- Born: Carla Adriana da Silva Santos April 30, 1980 (age 46) Salvador, Bahia, Brazil

Education
- Education: Catholic University of Salvador; Federal University of Bahia

Philosophical work
- Region: Western philosophy
- Main interests: Black feminism; Gender studies;
- Notable ideas: Intersectionality;

= Carla Akotirene =

Brazilian researcher into black feminism

Carla Adriana da Silva Santos, better known as Carla Akotirene (born 1980), is an activist, researcher, author and columnist on the topic of black feminism in Brazil. She is an assistant professor at the Federal University of Bahia (UFBA), and is frequently cited for her research on intersectionality.

==Education==
Akotirene was born in Salvador, Bahia on 30 April 1980. She studied clinical pathology at the Anísio Teixeira Institute (IAT) between 1998 and 1999. At that time, she was involved in many activities related to racial and social equality, such as the Black Community Development Council, the Campaign Against the Genocide of Black Youth; conferences on racial equality, women's and youth policies; and research on deaths of young people in inpatient units. She created Opará Saberes, to contribute to the entry of black people into postgraduate studies at Brazilian public universities.

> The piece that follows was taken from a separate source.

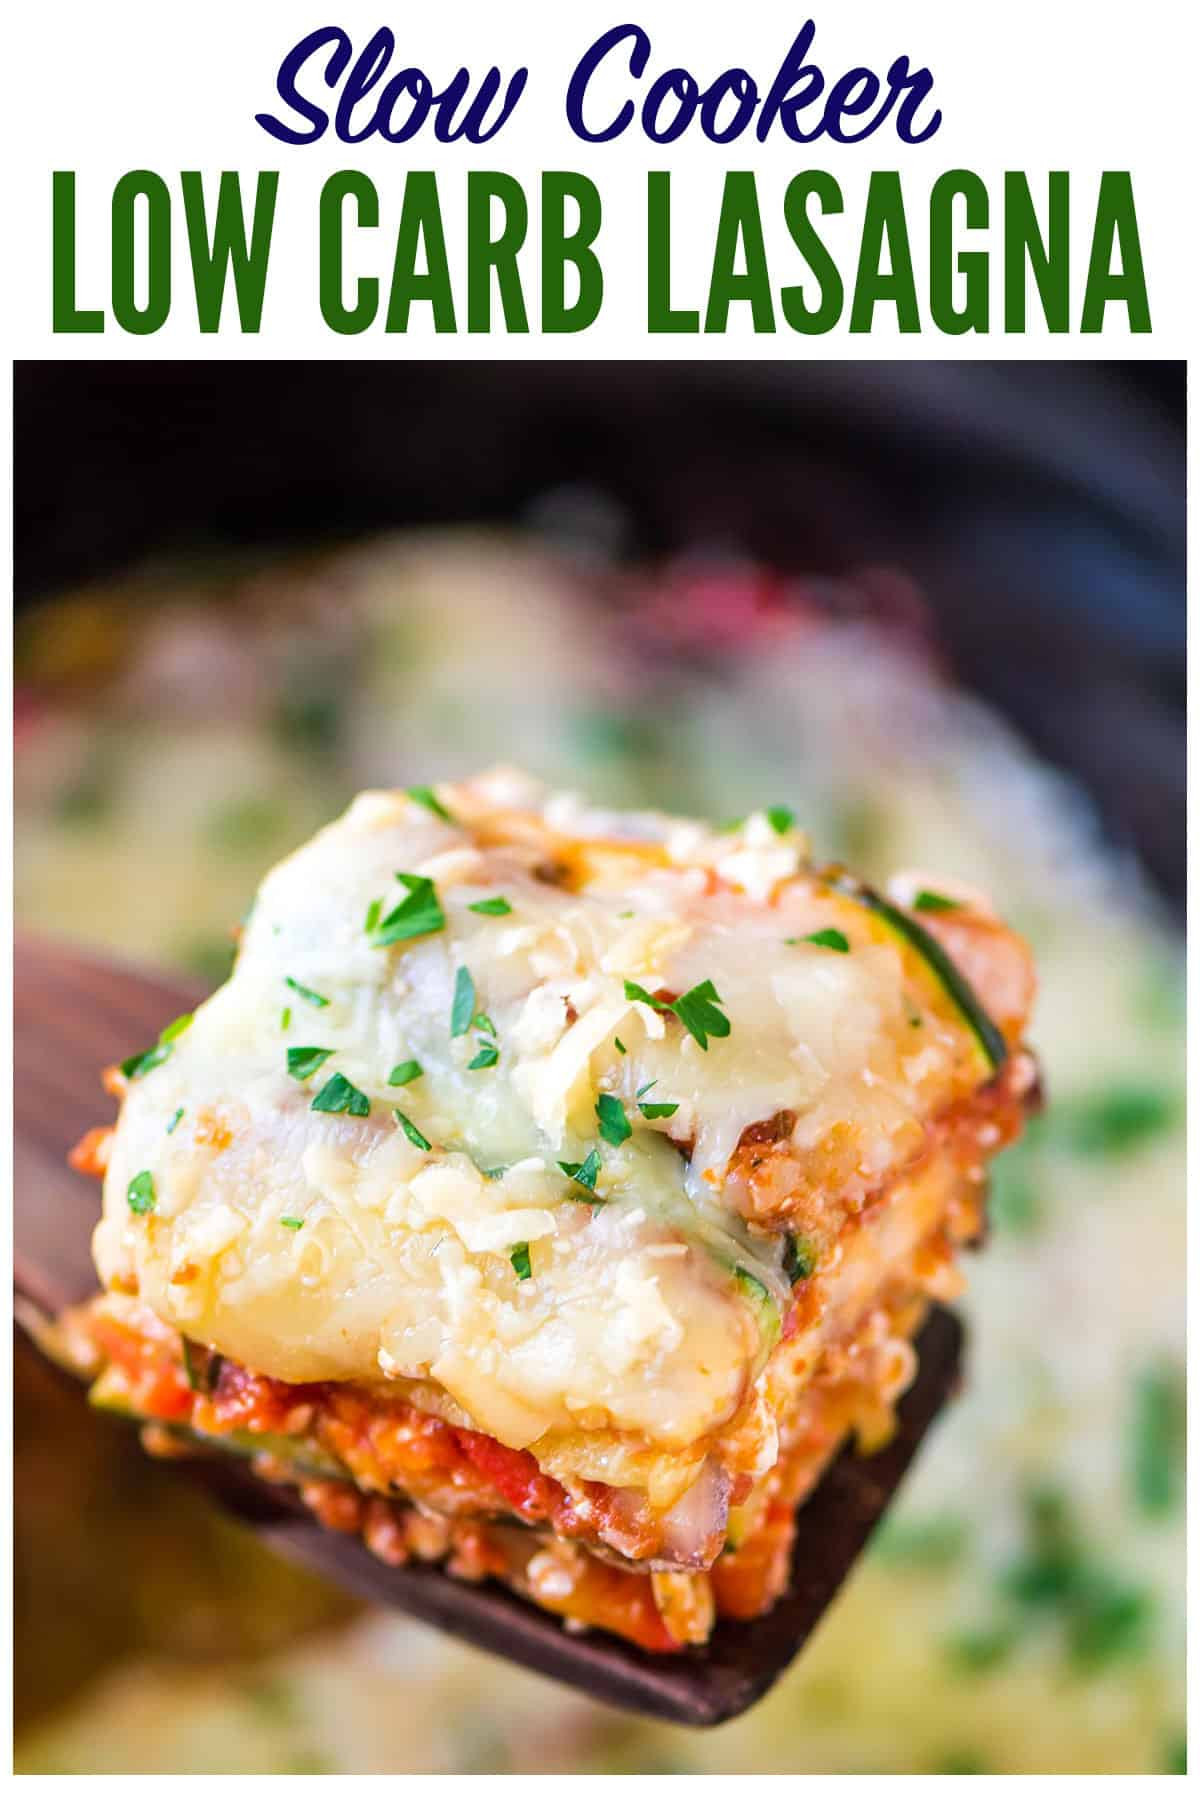 Crockpot Low Calorie Recipes
 Crock Pot Low Carb Lasagna Recipe

Between 2004 and 2008 Akotirene obtained a bachelor's degree in social work from the Catholic University of Salvador and between 2010 and 2012 she worked on a master's degree in feminist studies from the Federal University of Bahia, where she researched intersectionality in the women's penal complex of Salvador, while addressing the issue of women in the prison system. In her doctorate on gender studies, women and feminism at the same university between 2016 and 2022, Akotirene carried out a comparative study of racism and institutional sexism in male and female prisons, based on the intersectionality approach. Akotirene teaches at the Federal University of Bahia as an assistant professor.

==Awards and honours==
In 2016, she was mentioned by the feminist collective Think Olga as one of the Inspiring Women of 2016. The list brings together the names of more than 200 women, groups and collectives whose contributions in 2016 "deserved to be recognized, valued and encouraged". In 2017, she was nominated by the philosopher Djamila Ribeiro to Trip Transformadores as one of the "seven women of action who help us rethink society".

In September 2018, Akotirene published her first book, "What is Intersectionality?". The publication was part of the Plural Feminisms collection, edited by Djamila Ribeiro. In the same year, she presented a conversation on plural feminisms at the Feira Literária das Periferias together with Joice Berth, Juliana Borges and Silvio Almeida. This literary fair brought together more than 80 authors from around the world. Also in 2018, she was one of the experts invited by UN Women to share her vision as a black expert on topics such as violence against black women; racism in cities; decent work and economic growth; and ways for Brazil to achieve the Sustainable Development Goals (SDGs).

In 2020, Vogue Brasil magazine published a list of ten fundamental works written by black women, which included her book "What is Intersectionality?". This was also included in the Brazilian edition of Glamour magazine, which recommended five theoretical books to understand the anti-racist struggle in Brazil. Since June 2020, Akotirene has been a columnist for Vogue Brasil. Also in 2020, the Salvador carnival block (group), Ilê Aiyê, which works to raise the consciousness of the Bahian black community, organised a special event in her honour, celebrating her fight for the rights of black women. In 2021, Carla Akotirene was one of the personalities named on the Bantumen Powerlist 100, which contains the "100 Most Influential Black Personalities in Lusofonia".

==Main ideas==
According to Akotirene, intersectionality is a methodological way of thinking about how women suffer from overlapping or intersecting social identities. When it comes to black women, intersectionality reveals problems in addition to racism, such as the effects of gender, sexism, and class.

==Publications==
- 2018 - O que é interseccionalidade? (What is intersectionality?).
- 2020 - Ó pa í, prezada! Racismo e sexismo institucionais tomando bonde nas penitenciárias femininas (Hey dad, dear! Institutional racism and sexism taking hold in women's penitentiaries).